Bayes’ Theorem (or Bayesian Theorem) is a statistical method to update our prior beliefs. Bayes theorem can be used in various fields such as in Machine Learning (ML) method.

Definition

\[\begin{align*} \text{Posterior} \propto \text{Prior} \times \text{Likelihood} \\ P(A|B) = \frac{P(B|A) \times P(A)}{P(B)} \\ \end{align*}\]

Usage in ML

\[\begin{align*} P(w|\mathcal{D}) \propto P(\mathcal{D}|w) \times P(w) \\ \end{align*}\]
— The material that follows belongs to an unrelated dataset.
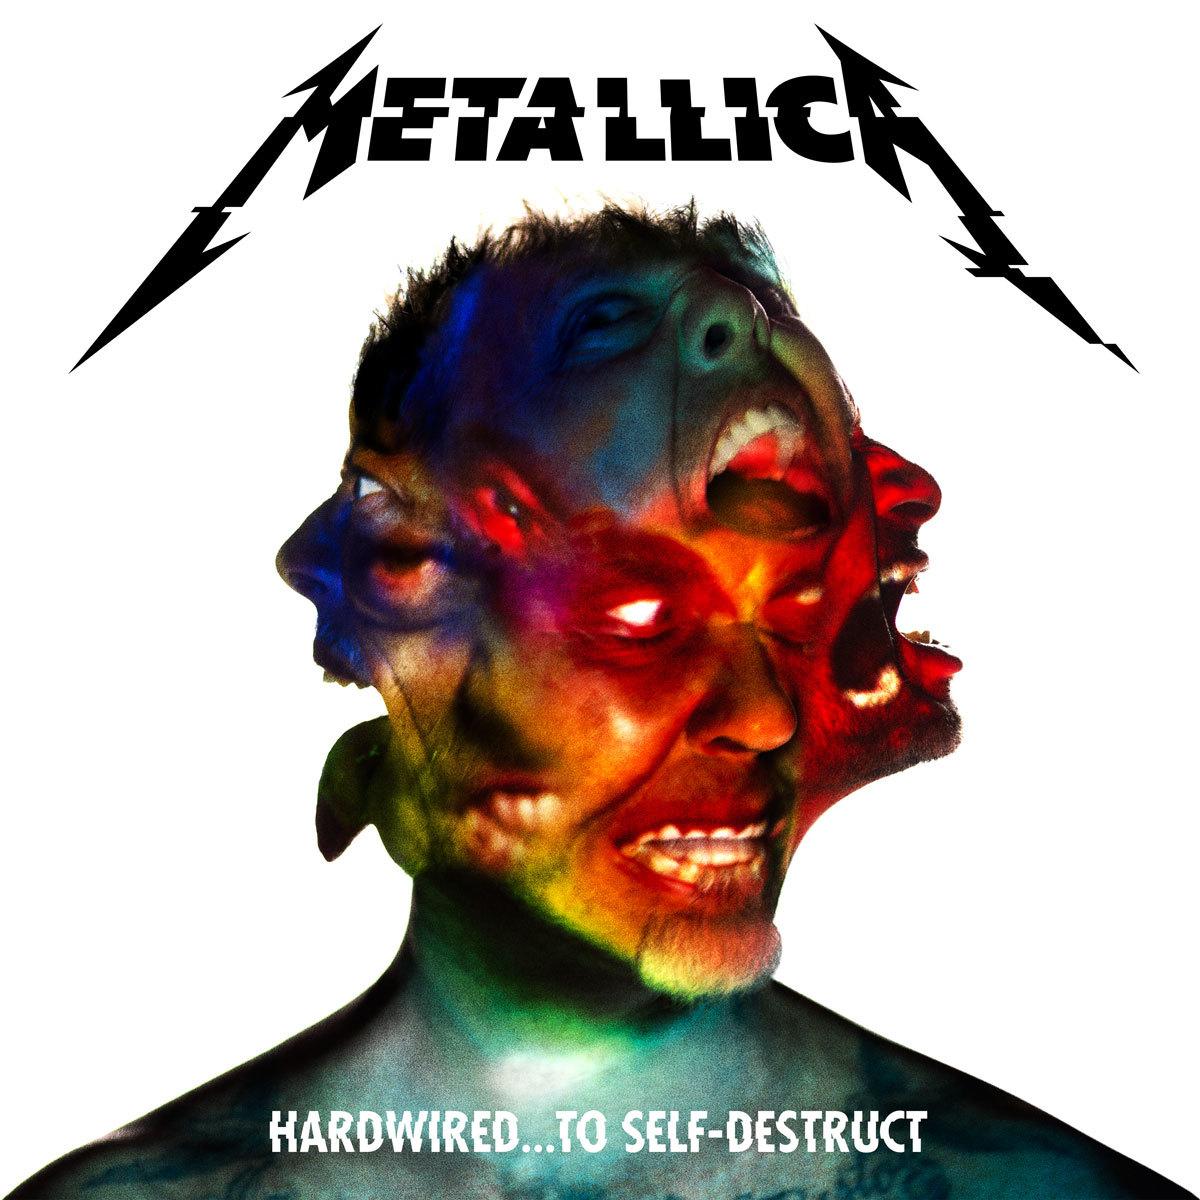 - Hardwired...To Self Destruct

\(w\): Prior weights for a neural network
\(\mathcal{D}\): Data
\(P(w|\mathcal{D})\): Posterior distribution, a probability distribution of the neural network weights \(w\) after observing the data \(\mathcal{D}\)
\(P(\mathcal{D}|w)\): Likelihood function, represents how well the neural network with parameters \(w\) fits the observed data \(\mathcal{D}\)
\(P(w)\): Prior, prior beliefs about the neural network weights before observing the data \(\mathcal{D}\)
\(P(y^*|x^*)=\mathbb{E}_{P(w|\mathcal{D})}[P(y^*|x^*, w)]\) At prediction time, the predictive distribution over the target \(y^*\) given a test input \(x^*\)